Why Art Can be a Detriment to Your Game

May 23 2018, 12:04am

Beautiful space-themed artwork
Beautiful space-themed artwork

In tabletop gaming, one of the first things players will often notice about your game is the art. Art helps tell the story.

Perhaps your game is pirate themed. Board game implements with pirates, ships, oceans, parrots, palm trees, buried treasure, and the like will all immerse players more than mere geometric shapes can.

Art also oftentimes aids the player in carrying out their actions. Great iconography can let players know what they can and can’t do with a quick glance, for instance.

While artwork can aid in usability and immersion, it can also get in the way of people playing your game.

There are two reasons why art can be a detriment to your board game:

1. Usability
2. Development


Most of the games I’ve designed are pretty barebones in appearance, but I have been working on a tile-based game that has a number for cost and points earned.
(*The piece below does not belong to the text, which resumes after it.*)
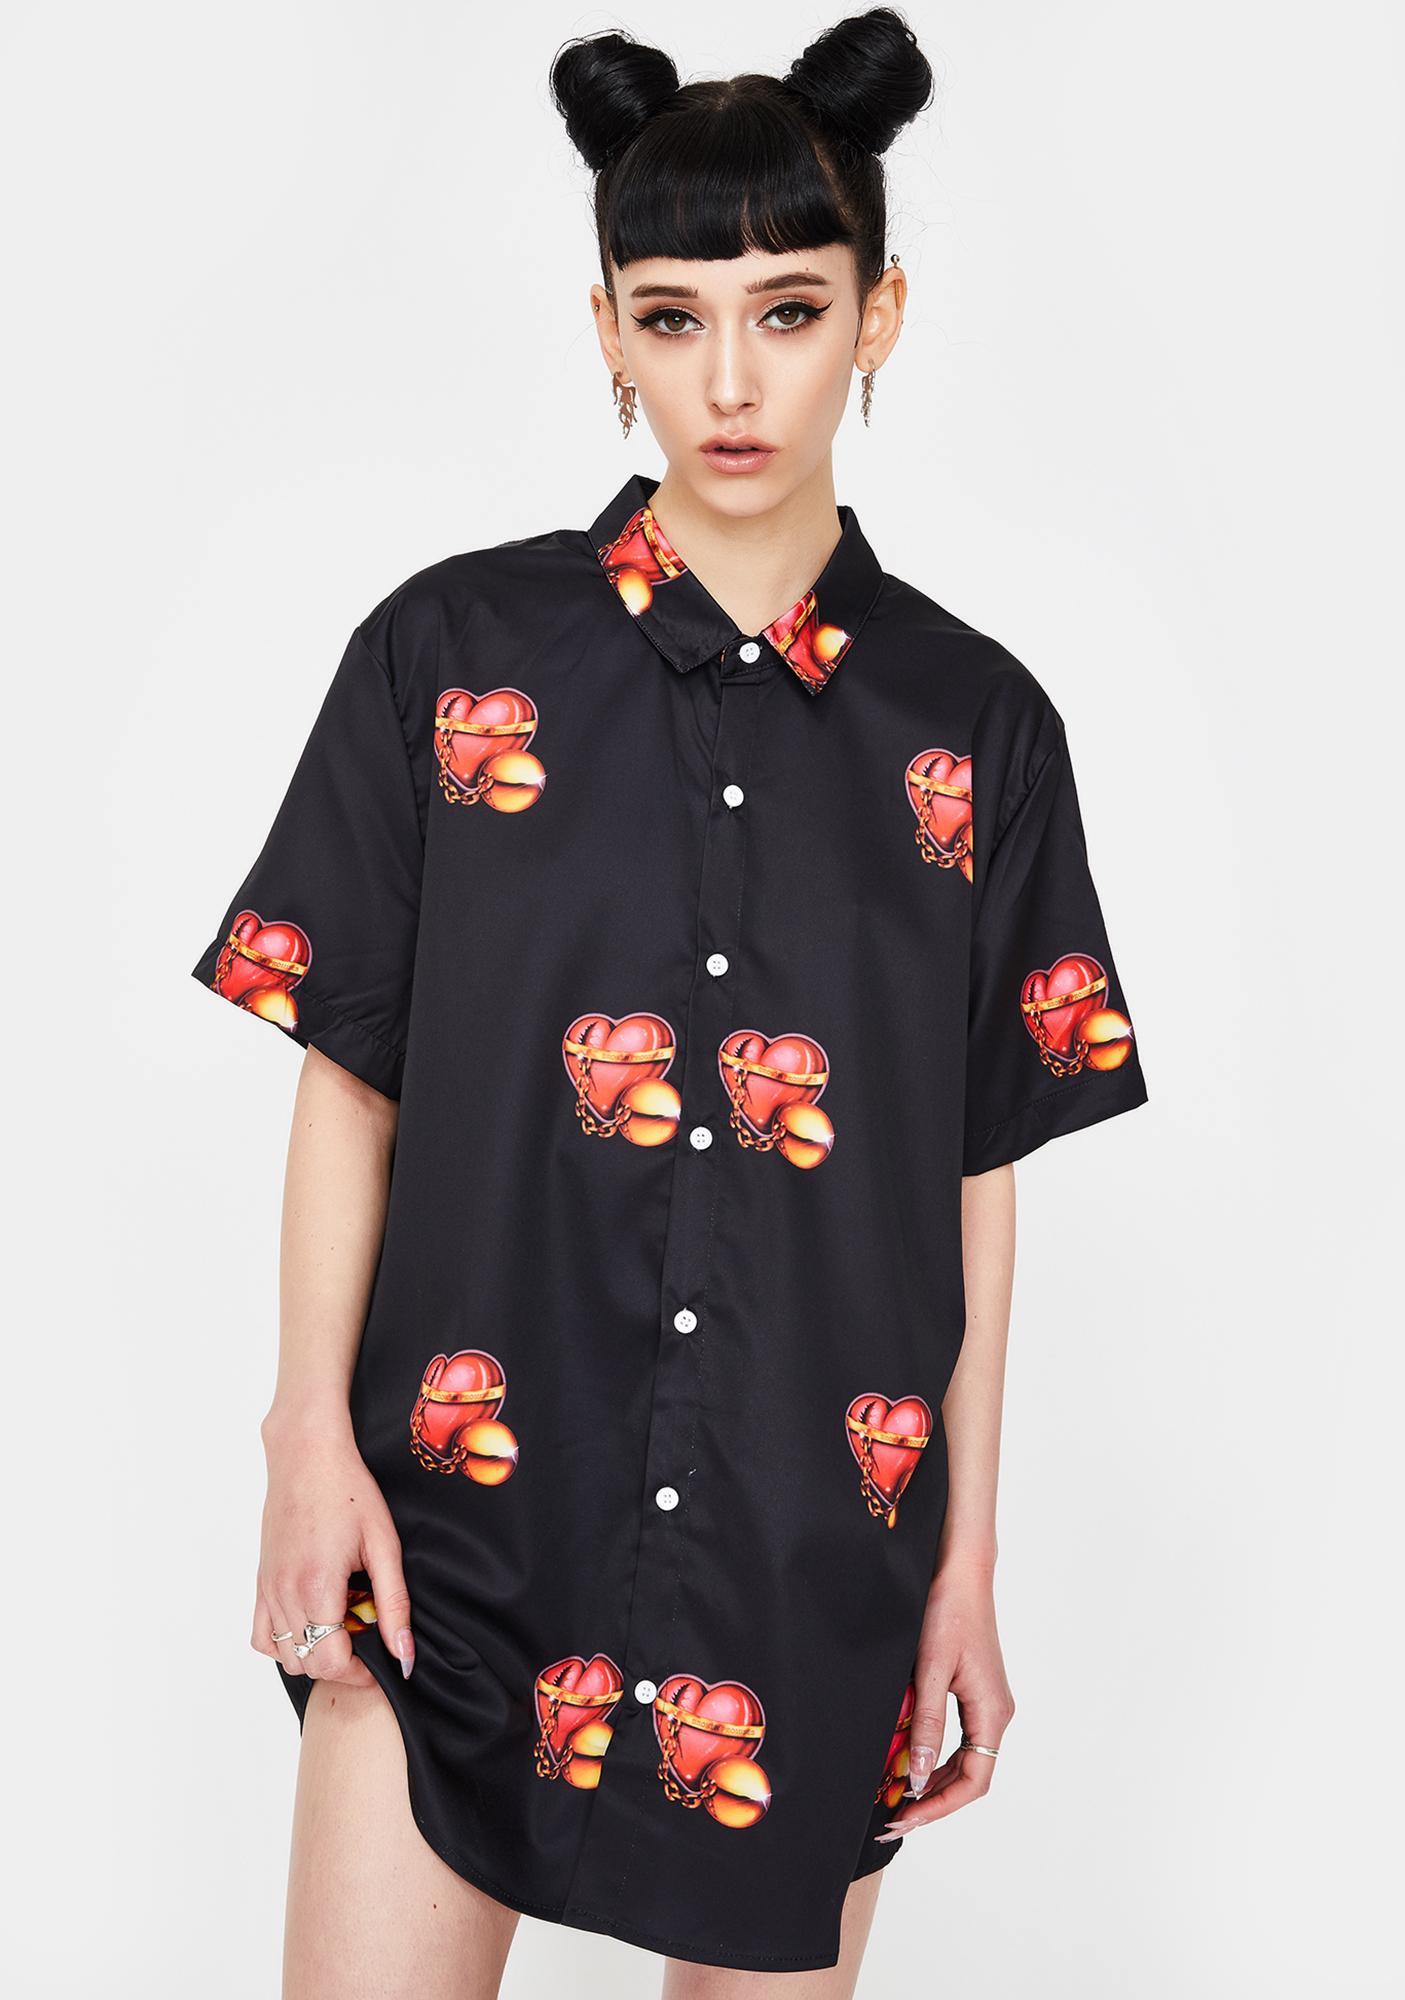 BROKEN PROMISES CO Ball N Chain Button Up Shirt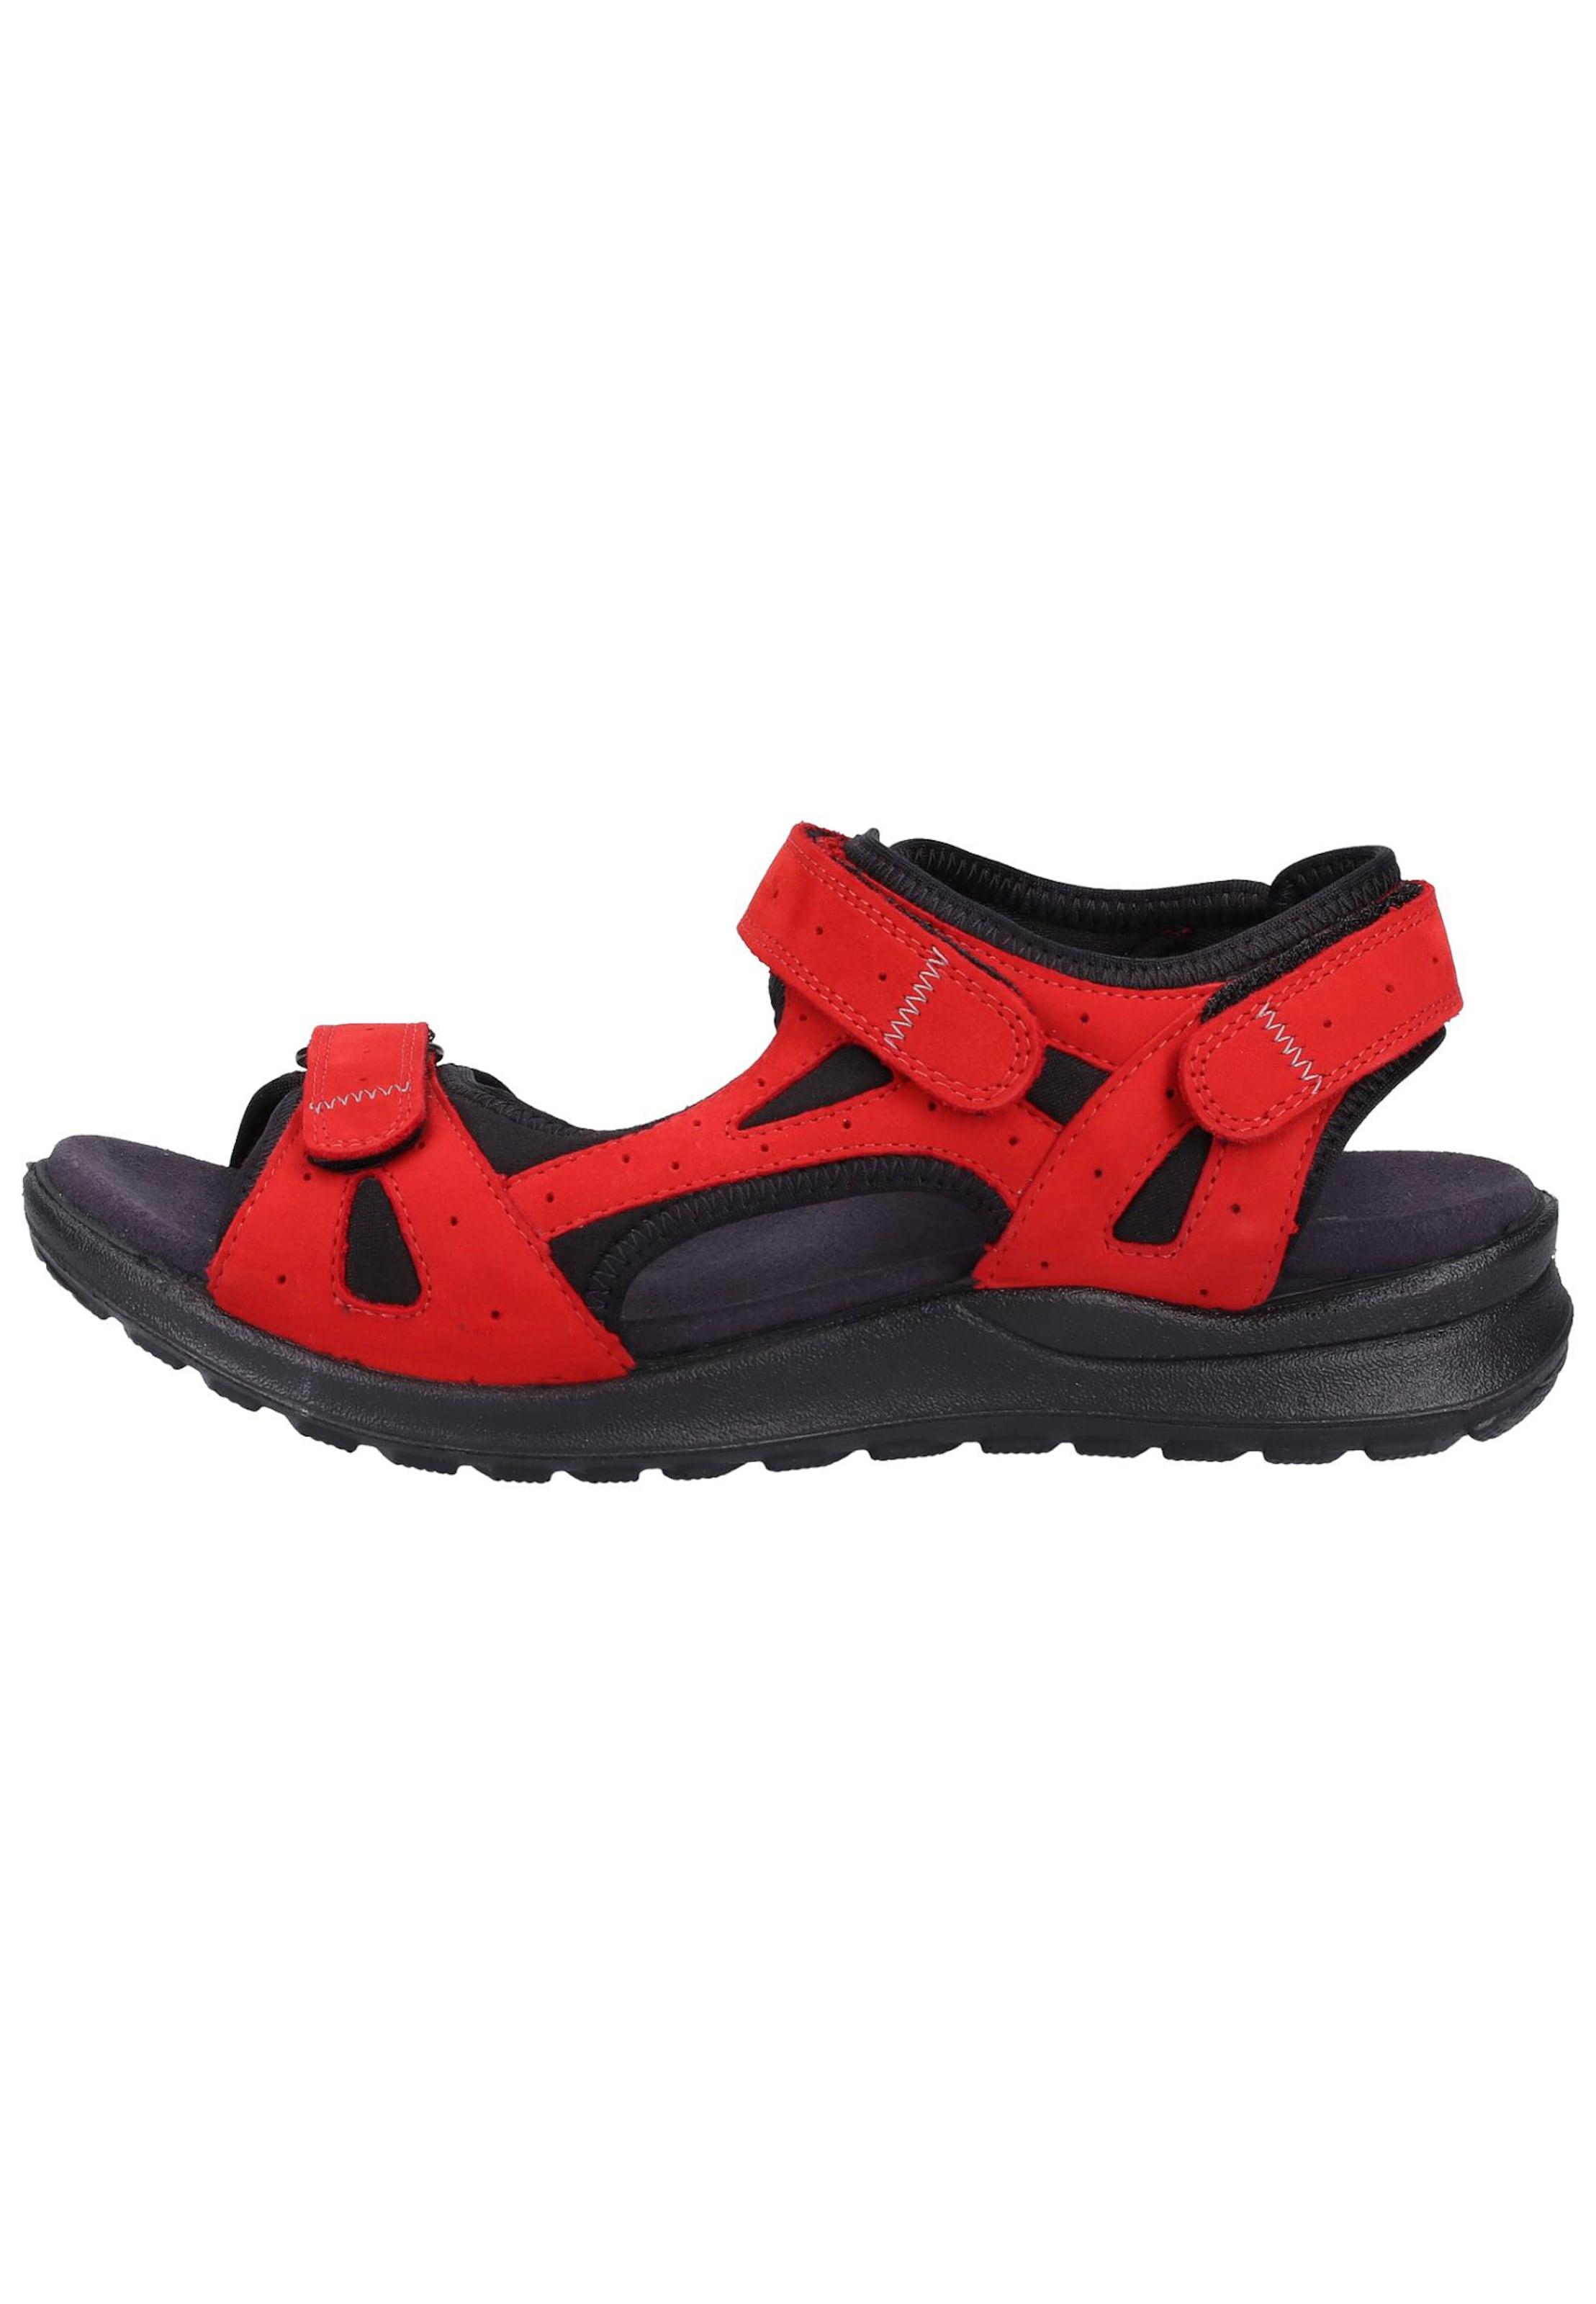 Sandales Randonnée Feu Legero Rouge En De NPnwZ8OX0k

Both of these numbers are graphically presented in a way that, thematically makes sense, but has led to more confusion than anything.

If I had even more art in the background, there’s no doubt that usability would go down further.

Using better graphic design, I’ve been able to make the tiles a little easier to understand and thus use.

As an interesting thought experiment, assume for once that the Magic: The Gathering card layout was slightly different. Instead of the textual elements and art being fairly balanced, imagine that the art occupies 75% of the space on a card.

Now, all of a sudden, the card becomes harder to use, either because there is less room to explain things or worse…

Okay, this is actually pretty cool
Okay, this is actually pretty cool

The text used to explain is now covered by art, as this amazing piece by astoryinpieces shows. Granted, this is an extreme case but careful balance and position of graphic elements can make all the difference when it comes to how usable game elements are.


From a development perspective, I often advocate for holding off on designing boards and cards through software until the gameplay has been fairly ironed out. Not only will you have to spend less time and effort correcting things, but any more dramatic changes in game play can addressed with little hassle.

I say this from experience designing one of my latest games, Beach Combers.

That sticker wasn't there to start
That sticker wasn't there to start

For the longest time, I thought my game cards were the way the were going to be. I went ahead and designed simple art that I believed would not only convey the theme but get players to easily understand how to use each card.

Not only was I wrong about usability—players didn’t know the difference between trash, event, and metal objects—I also ended up doing a major rehaul of the game. Now, most of the cards have little recycling stickers on them and/or changes in value.

Stickers are not fun to cut out and put on.

When and How to Approach Art

Probably the best way to tackle art is to wait until the moment you feel it absolutely needs art. A good indication of this for me has been when a game has been playtested dozens of times and is around 80% finished as a result of these playtests.

By holding off until late in the development of a game, you can better ensure that you will not have to spend more expensive time and resources to change assets.

There's a lot of art work that would otherwise need redoing
There's a lot of art work that would otherwise need redoing

As for how to approach the development of art, come up with loose sketches that convey the the concept. Show these concepts to older playtesters to get their input on what makes sense. Go through an iterative process with pen and paper as much as possible before landing on something to design in software.

It can be hard to resist the pressure of adding art, I know. You’ll save a lot of time and money in the end for being patient though.

What are examples of games with art that amplifies usability and experience?